Re: draft-wilde-text-fragment-01 (was: Including 'fragment identifier semantics' ...) from Erik Wilde on 2002-09-18 (www-tag@w3.org from September 2002)

From: Erik Wilde <net.dret@dret.net>
Date: Wed, 18 Sep 2002 20:58:24 +0200
To: Chris Lilley <chris@w3.org>
CC: gerald@w3.org, David Hopwood <david.hopwood@zetnet.co.uk>, ietf-types@iana.org, uri@w3.org, www-tag@w3.org
Message-ID: <3D88CCD0.4080104@dret.net>

hi there.

Chris Lilley wrote:
> DH> Dan Kohn wrote:
> DH>  http://www.ietf.org/internet-drafts/draft-wilde-text-fragment-01
> DH> Yuch. This is overcomplicated and not sufficiently useful to justify the
> DH> risk of security flaws in parsing regular expressions. There's a good
> DH> case for supporting a simple "#<line-number>" syntax for text/plain, but
> DH> nothing more IMHO.
> Depends what you want it for. For Ted Nelson-style standoff markup,
> you would need character addressing and ranges, too. Matching on text
> patterns is handy to make more robust links if the document is being
> edited (and would be even more handy if combinations, such as "the
> seven lines after 'Non-ASCII Characters in Regular Expressions'" were
> possible) (although, there are still problems if a revision takes that
> to eight lines, or a 'page break' intervenes as here).

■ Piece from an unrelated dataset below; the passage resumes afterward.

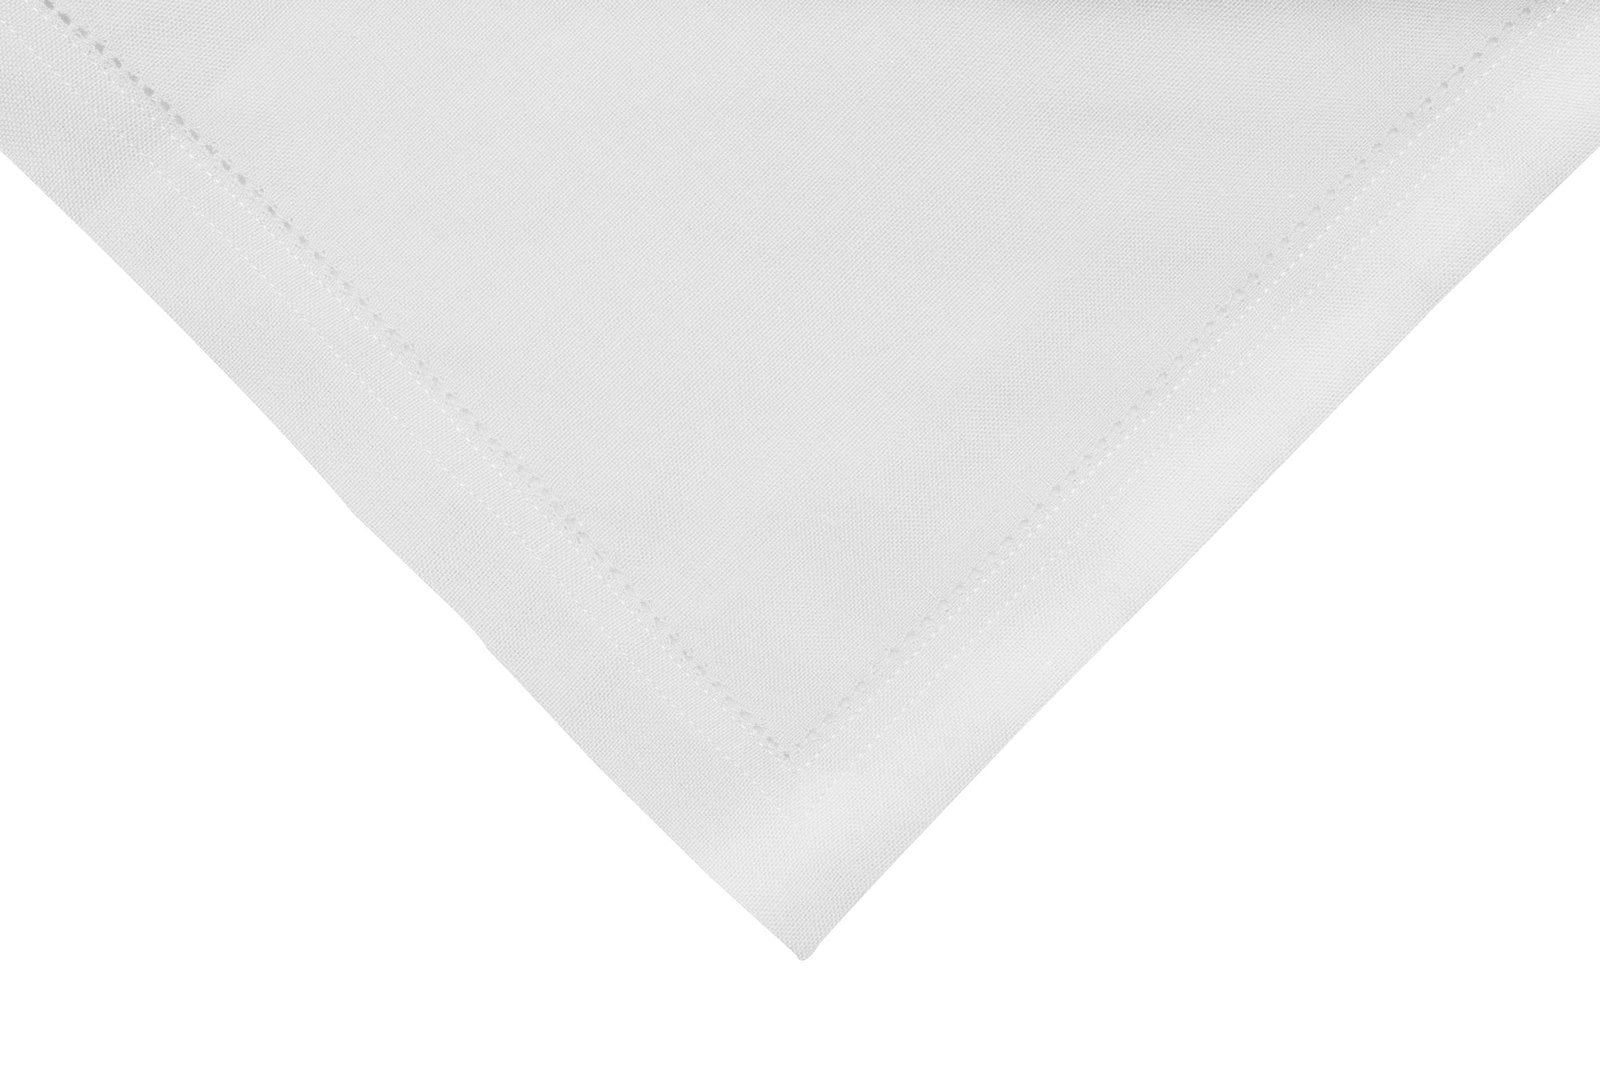 Elegant Hemstitch Napkin - 45 cm x 45 cm in White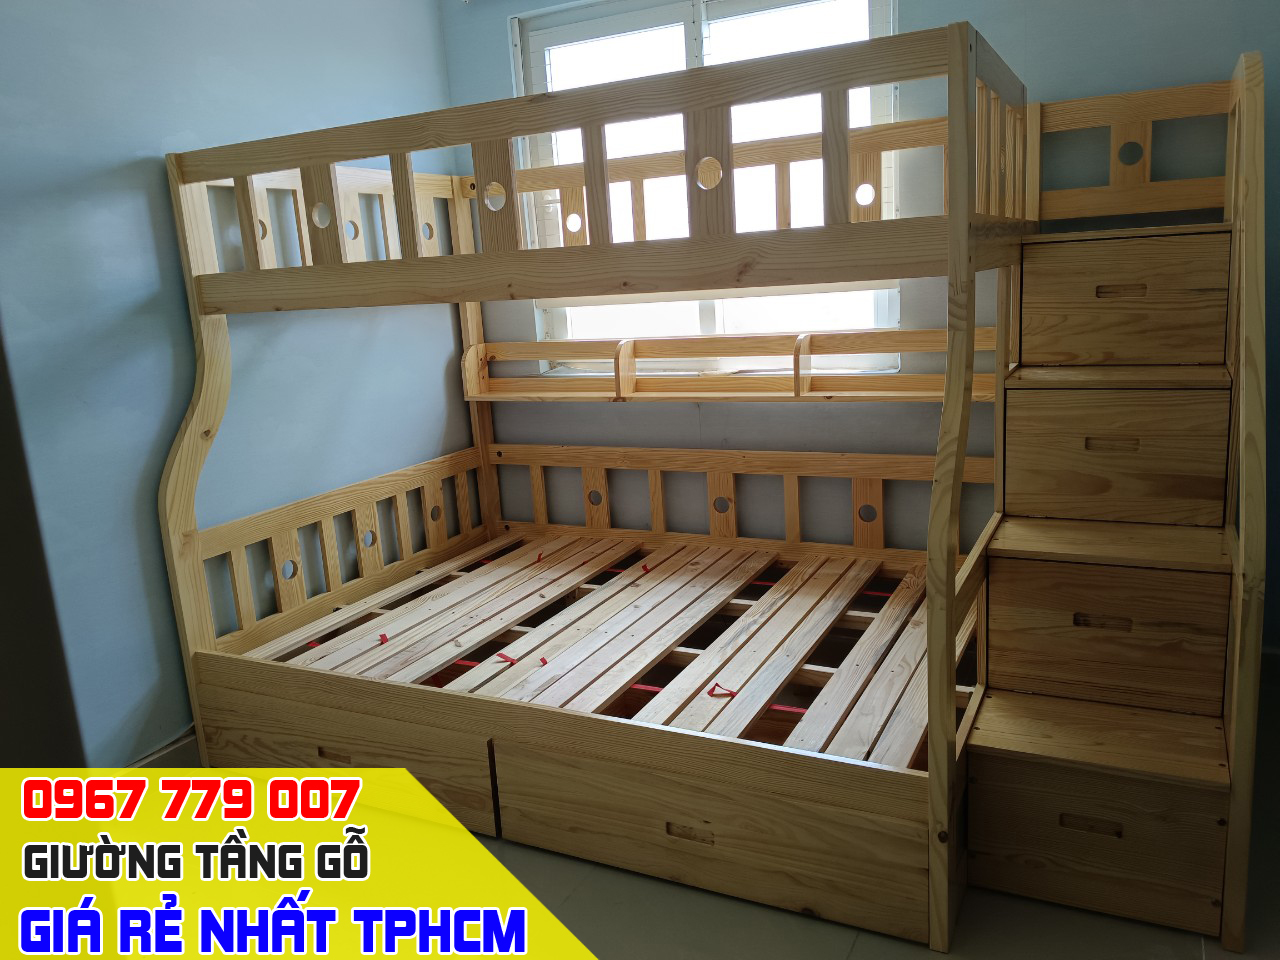 CH bán giường tầng trẻ em giá rẻ uy tín nhất Quận Gò Vấp TPHCM 6

sure there is a trade-off between simplicity and complexity. and 
fragment identifiers can always break. so why bother? i am nor sure that 
  the regex stuff is necessary, but it would be nice to have in some 
cases, and this is why i included it in the draft. unfortunately, people 
are so busy doing all kinds of xml-stuff, so the feedback so far has 
been minimal. most people seem to like the regex approach.

> There are some unresolved questions of detail - what does
> #char(6) point to in the text file containing "Hi World" encoded in
> UTF-16, for example - "o" or "W" (is the BOM two characters, or a
> thing before the first character).

thanks!

> It might be worth mentioning that the encoding of the text in a match
> string might well be different to the encoding of the text document
> containing the string to be matched.

good point. applications must be able to transcode characters.

> The pointer to the (recently expired but still there)
> http://www.ietf.org/internet-drafts/draft-borden-frag-00
> was valuable.

however, i have received feedback that the parentheses-syntax is too 
complicated and should be replaced with a more ascii-ish syntax such as 
#char=2-4;char=7-3335, and i kind of liked the idea. i have no idea 
where the borden draft ist going, but i think that it will disappear. 
does anybody have news about this?

> text-scheme   =  ( char-scheme / line-scheme / regex-scheme )
> should presumably be
> text-scheme   =  ( char-scheme / line-scheme / match-scheme )

yup.

> For non-normative reference to BRE, the following might be useful:
>  An Introduction to Posix Regexps
>  http://www.regexps.com/src/docs.d/hackerlab/html/introduction-to-regexps.html
>  Regular Expressions
>  http://www.opengroup.org/onlinepubs/7908799/xbd/re.html
>  The latter includes a BRE grammar.

thanks.

so, apart from the minor fixes, does anybody have an opinion about the 
prantheses vs. equals syntax issue? i also thought about adding a 
checksum facility (md5 or something along these lines), so that fragment 
identifiers could recognize a particular version of a resource. any 
opinions about this feature (it would be optional, so that applications 
would be allowed to ignore the checksum)?

cheers,

erik wilde  -  tel:+41-1-6325132  -  fax:+41-1-6321035
           mailto:net.dret@dret.net -  http://dret.net/
           computer engineering and networks laboratory
           swiss federal institute of technology  (eth)
           * try not. do, or do not. there is no try. *

Received on Wednesday, 18 September 2002 14:59:45 UTC